Designing and Understanding the Outstanding Tri-Iodide Reduction of N-Coordinated Magnetic Metal Modified Defect-Rich Carbon Dodecahedrons in Photovoltaics.

Nitrogen-coordinated metal-modified carbon is regarded as a novel frontier electrocatalyst in energy conversion devices. However, the construction of intrinsic defects in a carbon matrix remains a great challenge. Herein, N-coordinated magnetic metal (Fe, Co) modified porous carbon dodecahedrons (Fe/Co-NPCD) with a large surface area, rich intrinsic defects, and evenly distributed metal-N species are successfully synthesized via the rational design of iron precursor and the bimetallic-organic frameworks. Because of a synergistic effect between N-coordinated dual magnetic metal active sites, the Fe/Co-NPCD exhibits exceptional electrocatalytic activity and electrochemical stability.
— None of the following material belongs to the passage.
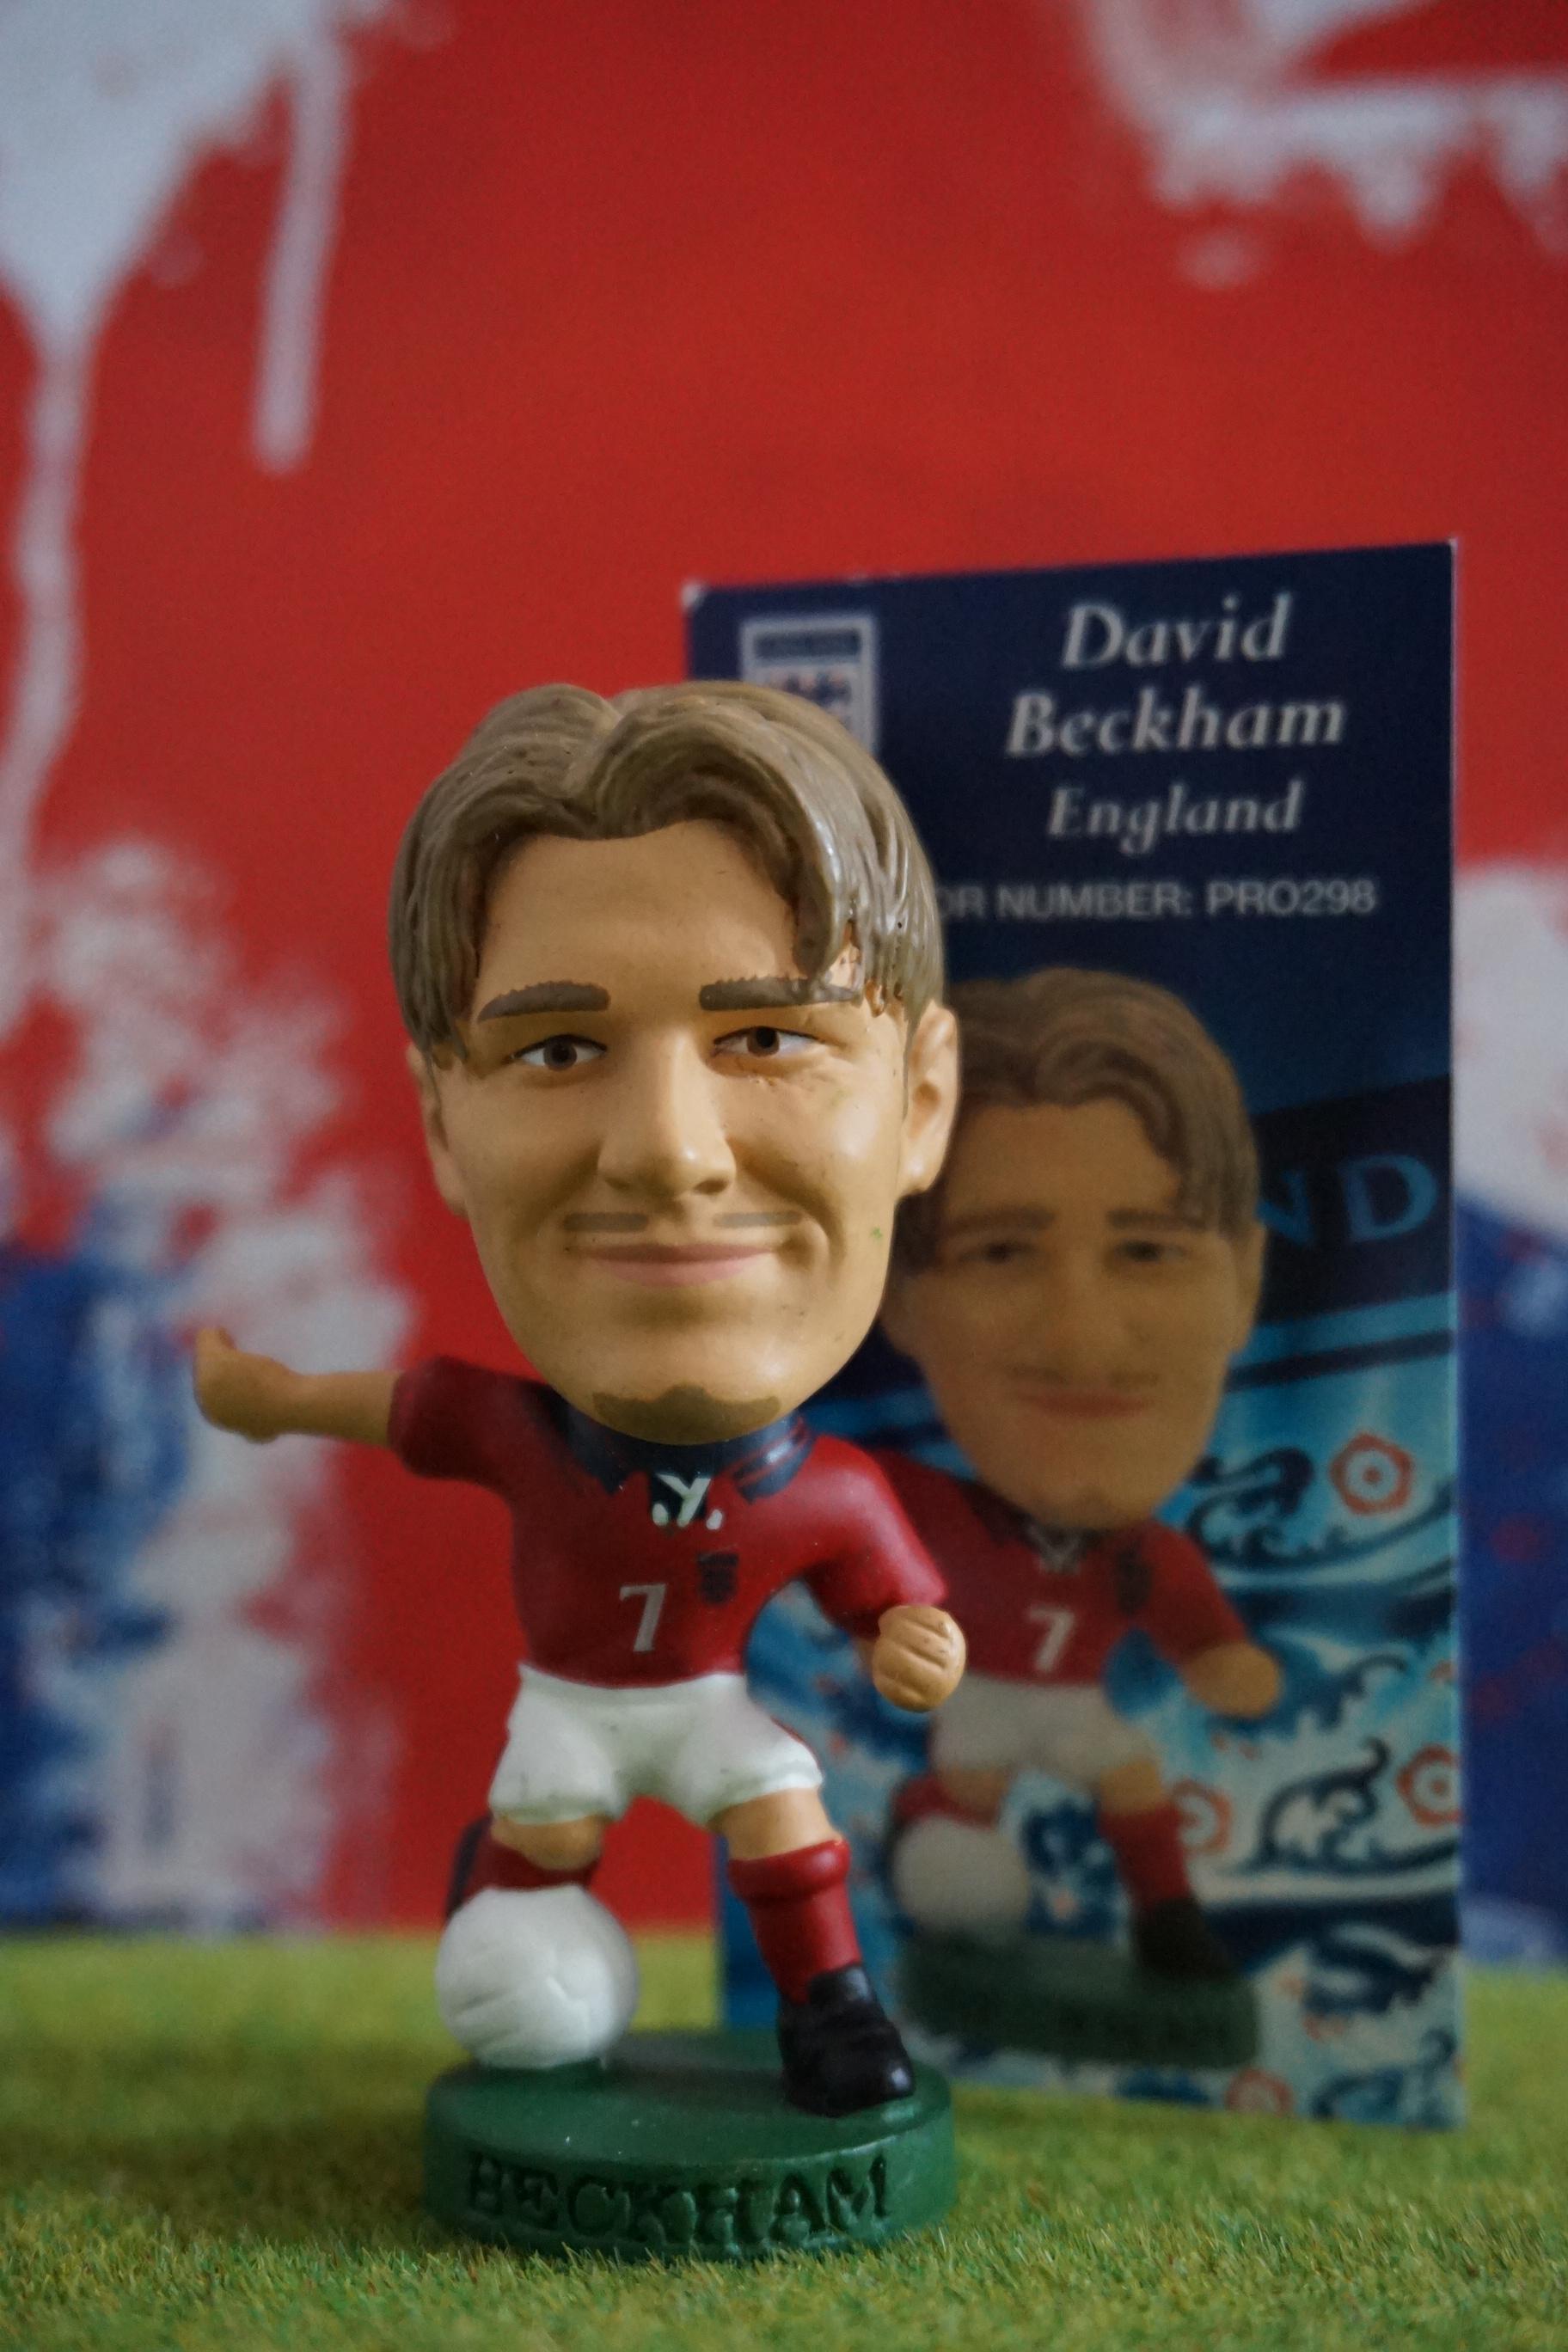 PRO298 David Beckham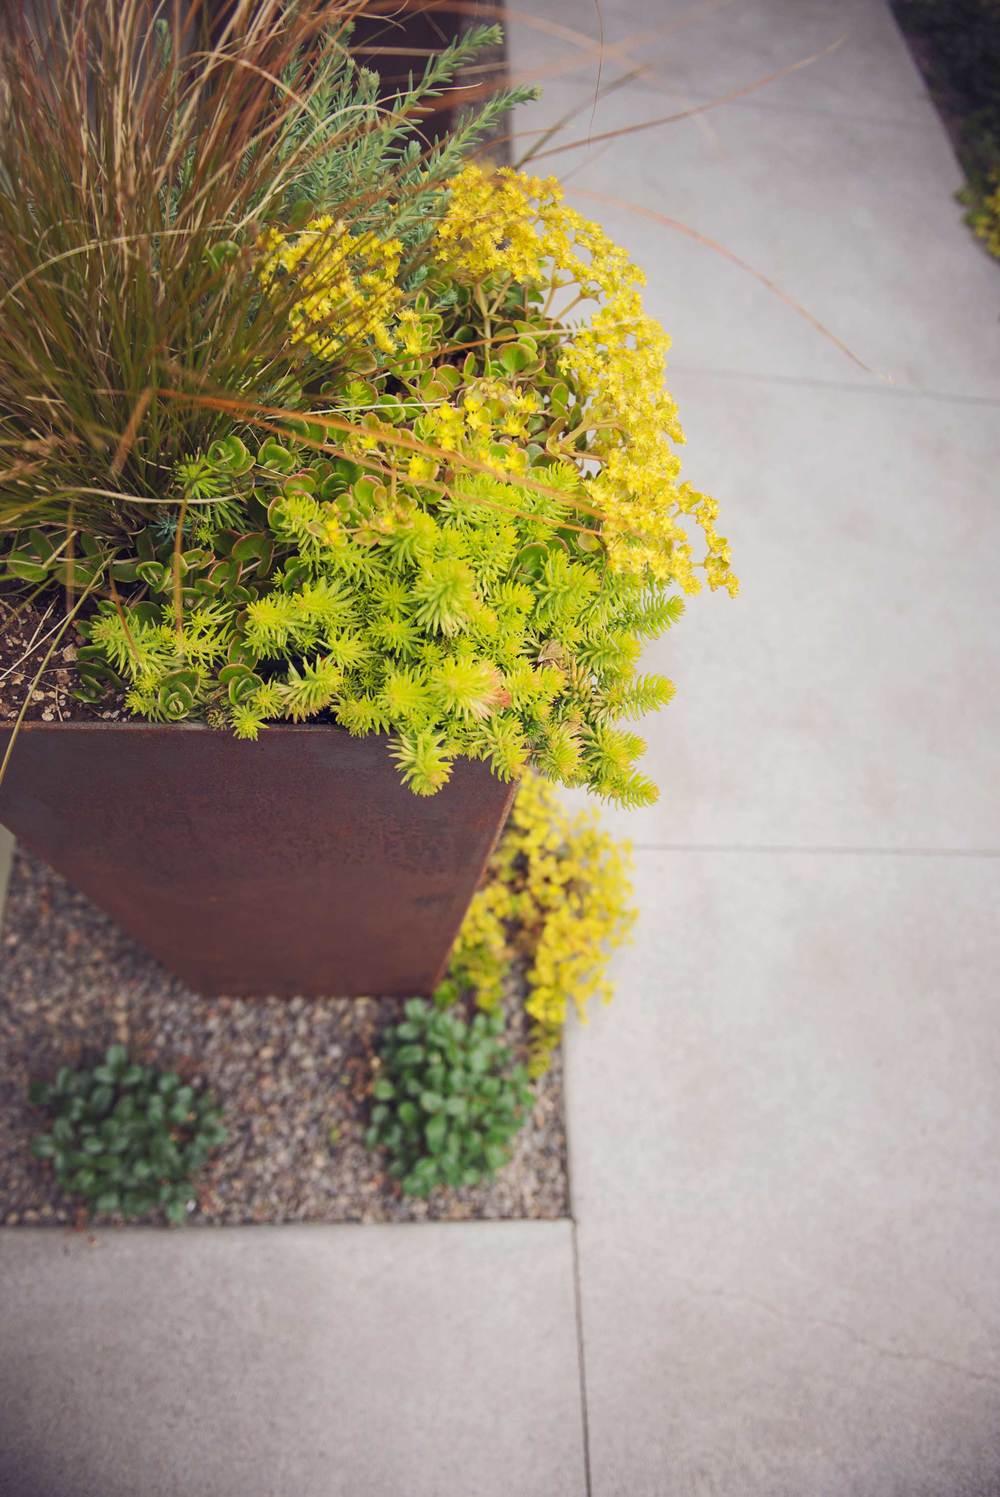 COR-TEN Steel Planter Design with Drought-Tolerant Succulents and Bronze Sedge in Medford.jpg

A solar cell fabricates with the Fe/Co-NPCD yields an impressive power conversion efficiency of 8.35% in dye-sensitized solar cells, superior to that of mono-metal-doped carbon-based cells and conventional Pt-based cells. Furthermore, density functional theory calculations illustrate that Fe, Co, and N doping are in favor of improving the adsorption capacity of the catalyst for I species by optimizing the magnetic momentum between the magnetic metal atoms, thereby upgrading its catalytic activity. This work develops a general strategy for synthesizing a high-performance defect-rich carbon-based catalyst, and offers valuable insight into the role of magnetic metals in catalysis, which can be used to guide the design of high-performance catalysts in the energy field.